The Wind City, Summer Wigmore, Steam Press, 2013

Set in present-day Wellington, New Zealand, this book is about two people who learn that the world is not what they think it is.

Saint is a destitute, loser type. On the bus, one day, he sees a very strange woman with straight white hair named Hinewai. Saint is the only one who can see her. She tells him that beings from Maori legend, that go under the general name of iwi atua, are coming to Wellington, some with violent intentions toward humans. Saint can't help but think that he is losing his mind, until his roommate (who he calls The Flatmate) turns into a large, hairy, carnivorous creature who almost makes Saint his next meal. Saint meets an ethereal being named Noah, who convinces him that the rest of the iwi atua are just mindless creatures who don't deserve to live.

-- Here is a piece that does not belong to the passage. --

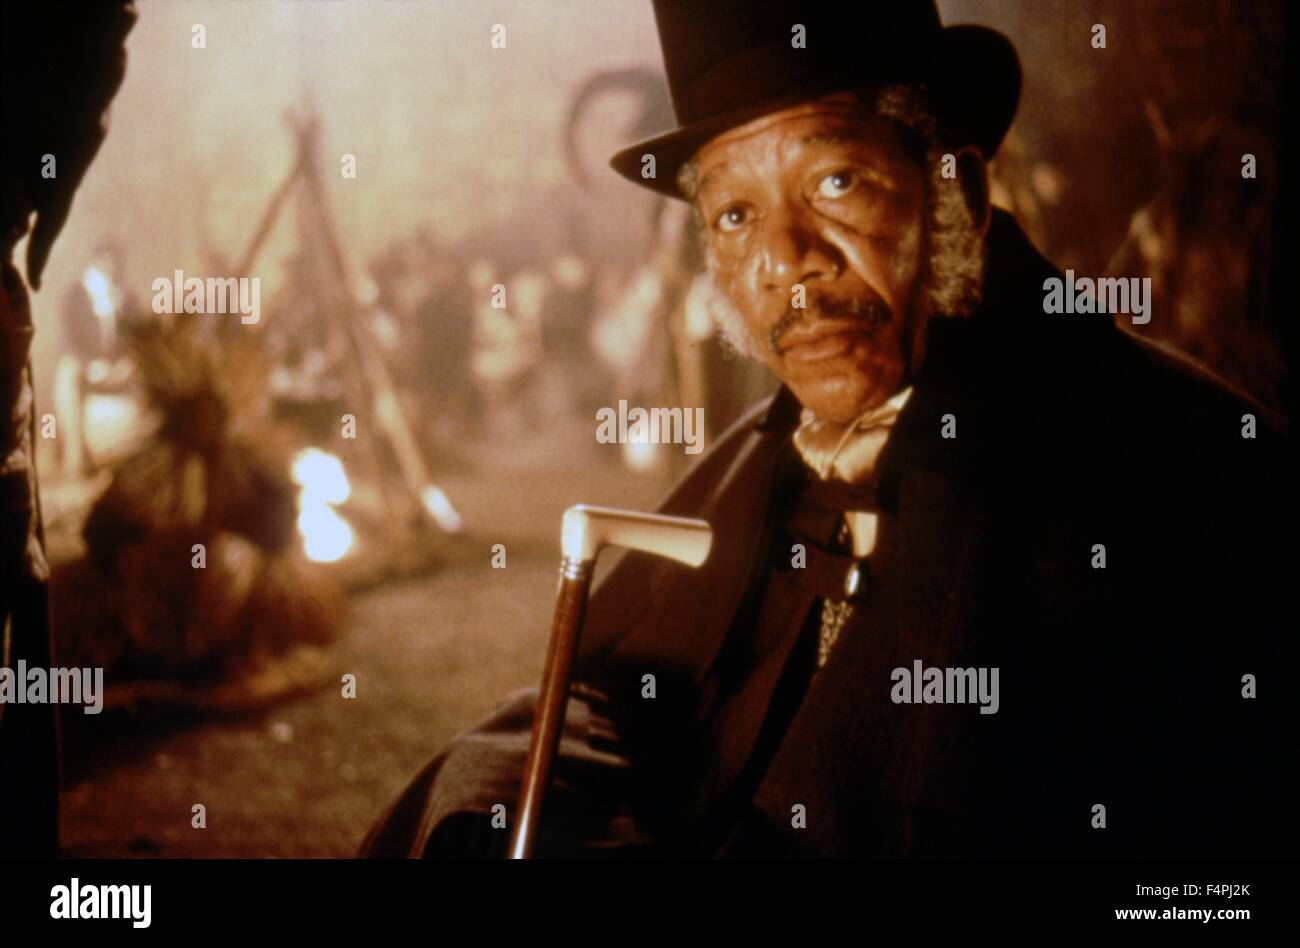 Morgan Freeman / Amistad / 1997 dirigida por Steven Spielberg [Dreamworks Pictures] Imagen De Stock

Tony is a female boat owner who runs one of those see-the-dolphins tourist boats. One day, her boat is deliberately sunk by Hinewai, who tells Tony that she is actually a type of iwi atua, called a toniwha (a type of large lizard that can swim underwater). Tony is surprised when she actually transforms into a toniwha. Hinewai is upset because, in Maori folklore, she has only a minor role in someone else's tale, but she doesn't have her own tale. Tony figures that the first step in getting Hinewai her own tale is to take her to some of the bars and restaurants in Wellington, where she might meet her True Love. They run into Saint, who learns, to his shock, that those iwi atua that he has been killing, by the hundreds, really are intelligent beings. Many of the surviving iwi atua would like to make Saint pay for what he has done, slowly and painfully. Can Tony keep Saint alive, and prevent a war between humans and the iwi atua?

This is a gem of a story. Considering that it is the author's debut novel (she was only nineteen years old when it was published) brings it to the level of Wow. It is well-written from start to finish, and it is highly recommended.